Artists like, Jon Rafman or Paolo Cirio, who work primarily with Google Street View, have created images that are evocative and disturbing, often blurring the line of legal privacy issues. While capturing the individuals who fill the streets, alleys, and lawns of the world is captivating, these artists have drawn on the public and an additional tool to conceptualize the public sphere. Since 2007, the launch of the panoramic technology featured on Google Maps and Google Earth, has become an eccentric and often easy way to view places one may never go or places one desires to see.
In June 2014, Fischer began to riffle through music reviews of underground musicians and discovered band addresses from demo tapes in the fanzine Maximum Rocknroll, a publication which was a punk hub for music reviews. The conception of his project, Hardcore Architecture, begins here. Essentially, young underground musicians would mail in demo tapes to MRR through the U.S. postal service and the tape would be reviewed and published. Fischer collected the addresses of the musicians and began to plug them into Google Maps Street View for a closer look of where the underground music scene was rooted. “I liked seeing where the bands I listened to came from.”
The exhibition, open until August 29th, features memorabilia that is encased in a display box, similar to a merch table, and includes band t-shirts, cassette tapes and photography from the bands Cryptic Slaughter and the The Dead Kennedys. Fischer says, “I’ve collected and saved things since childhood, and I definitely have a pretty hefty collection of records and ‘zines,” which have contributed to the physical exhibition in the gallery space.
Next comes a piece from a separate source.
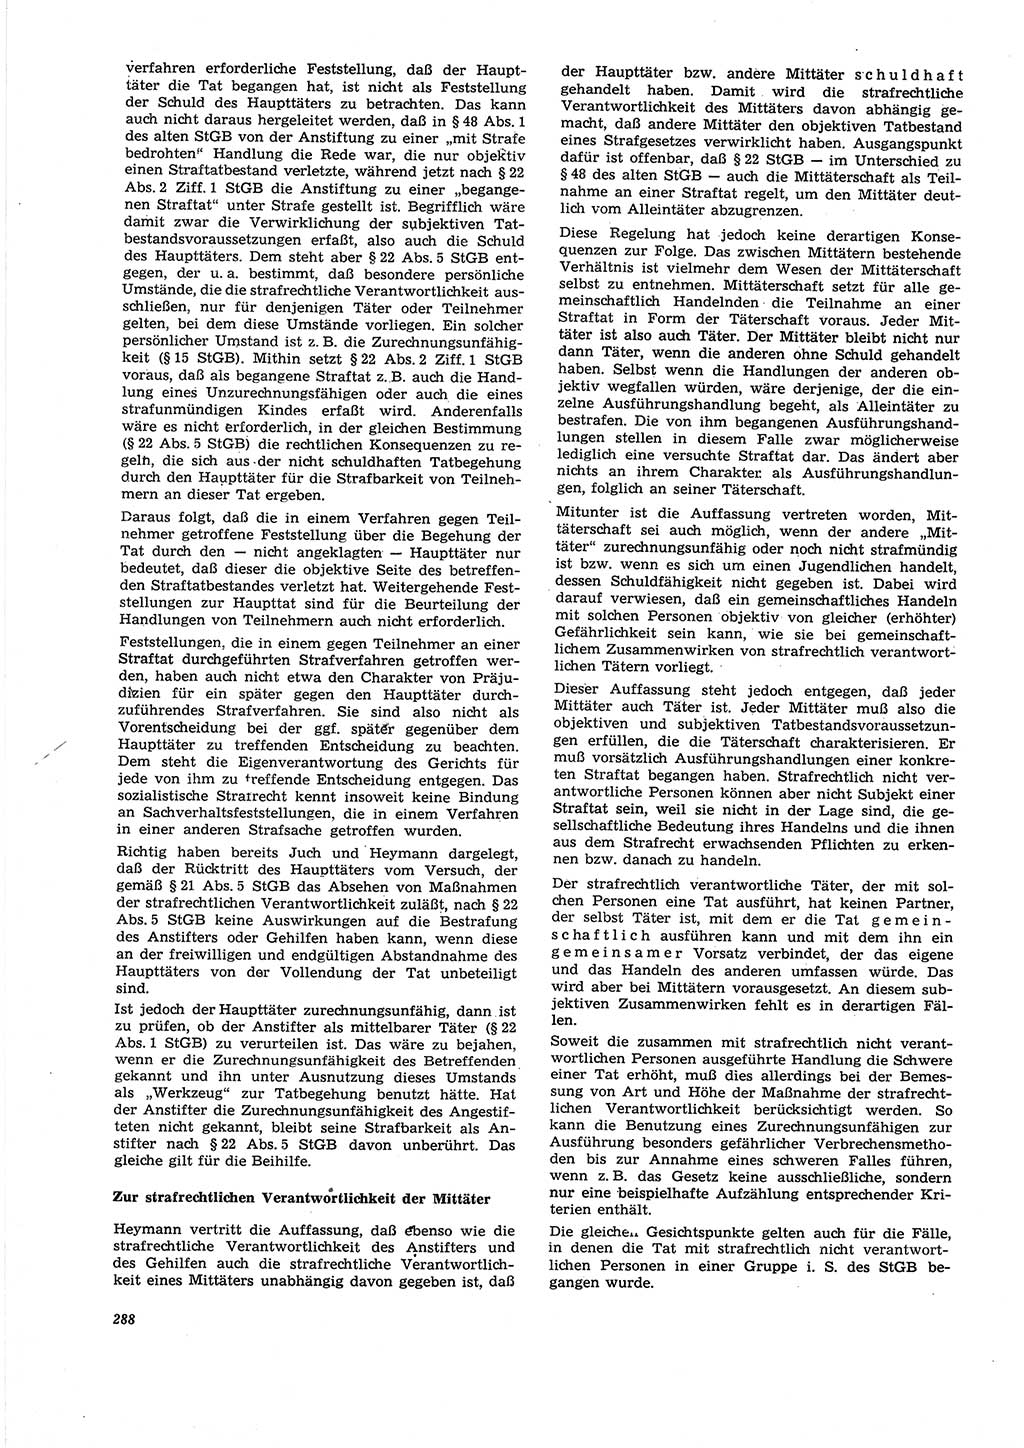 Neue Justiz (NJ), Zeitschrift für Recht und Rechtswissenschaft [Deutsche Demokratische Republik (DDR)], 27. Jahrgang 1973, Seite 288 (NJ DDR 1973, S. 288)

Hanging in the back left of the space, adjacent to the display box, is a correspondence between bassist Rob Nicholson and Marc Fischer. “Marc, what’s up?” begins the scratched note beneath a flyer that reads “Cryptic Slaughter Wants You”—an accompanying cartoon of Uncle Sam centers the piece for anti-establishment humor. To the right of the flyer is an address located in Santa Monica California—the urge to type the name into Google Maps suddenly becomes suspiciously evident.